Task :: Count how many lines of the material hold "Strawberry". Respond with that number alone.

━━━ The records

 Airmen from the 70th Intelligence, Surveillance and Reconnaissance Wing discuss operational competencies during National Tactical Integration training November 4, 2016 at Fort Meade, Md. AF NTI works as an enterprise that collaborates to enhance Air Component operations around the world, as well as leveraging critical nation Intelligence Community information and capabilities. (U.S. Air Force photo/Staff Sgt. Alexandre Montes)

━━━━━━
━━━ The records

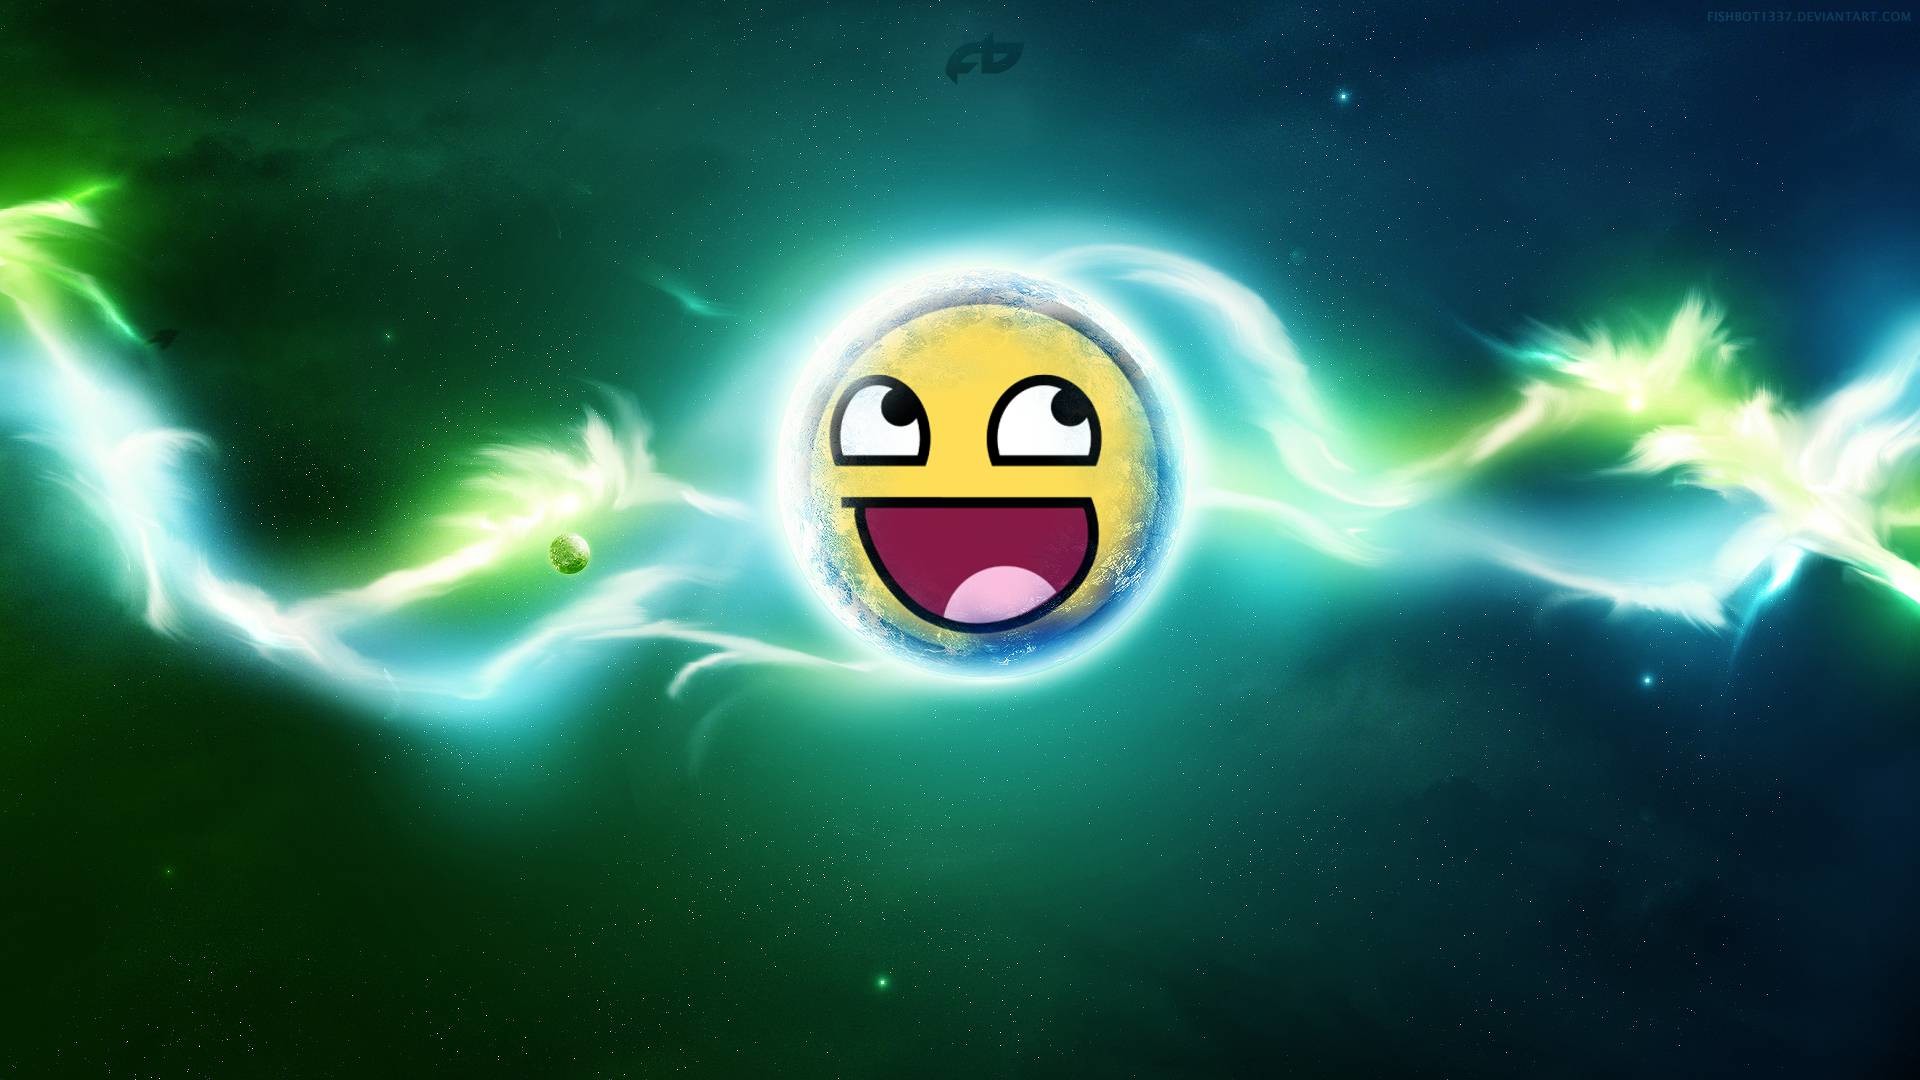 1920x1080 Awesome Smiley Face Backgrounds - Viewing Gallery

━━━━━━
━━━ The records

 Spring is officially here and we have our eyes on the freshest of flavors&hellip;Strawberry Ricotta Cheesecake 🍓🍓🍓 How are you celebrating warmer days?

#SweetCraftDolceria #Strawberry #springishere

━━━━━━

Reply to the task :: 2